Can a gas fireplace run on a thermostat?
Most modern gas fireplaces can—turn it on and off from the couch with a remote, or set a room temperature and let the fireplace hold the comfort zone for you. If low maintenance matters to your family, this is the feature set that makes gas the convenience pick over wood and pellet.
Why do fireplace quotes vary so much?
Because a fireplace is an iceberg—there's more behind the wall than in front of it. A low quote often covers only the unit; the full scope includes vent pipe, gas line or electrical, framing, and the tile or stone that has to come off and go back on. Make every bidder price the whole job. If a dealer can't speak to the full scope with confidence, that's your signal to keep looking.
Why is my open fireplace making my house colder?
Open fireplaces suck—literally. As the fire burns, it consumes air your furnace already paid to heat and pulls it out through the chimney, so the house is actually colder after the fire goes out than before you lit it. An insert fixes this: it seals the chimney, puts fixed glass across the front, and turns that hole in your house into a real heat source.

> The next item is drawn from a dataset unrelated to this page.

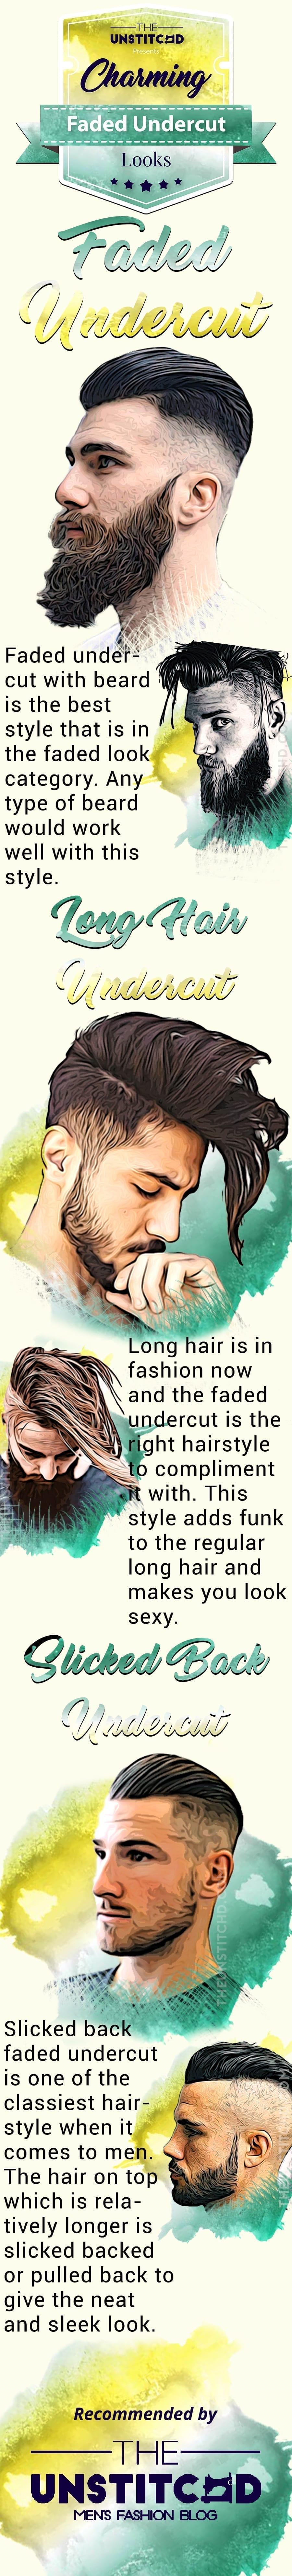 undercut-fade-hairstyle-info

Is my gas fireplace wasting gas?
If it was installed more than 15 years ago, probably. Older gas fireplaces keep a standing pilot light burning all the time, and that little flame can cost a couple hundred dollars a year. Newer models use pilot-on-demand ignition—the pilot lights only when you use the fireplace and goes out when you turn it off.
Nearby Dealers
Hearth shops serving Victoria-Fraserview and the surrounding area.
Myers Controls & Equipment (Parts Only)
Natural Gas Service in Victoria-Fraserview
Confirm service at your address before planning a gas fireplace—a quick call settles it.
FortisBC (Gas)
Pacific Northern Gas
Get your free Project Guide & Parts List for a Victoria-Fraserview gas fireplace.
Tell me about your home and whether you're already on FortisBC gas, and I'll match you with a trusted local dealer and send a free Project Guide & Parts List with the exact vent kit and parts your project needs.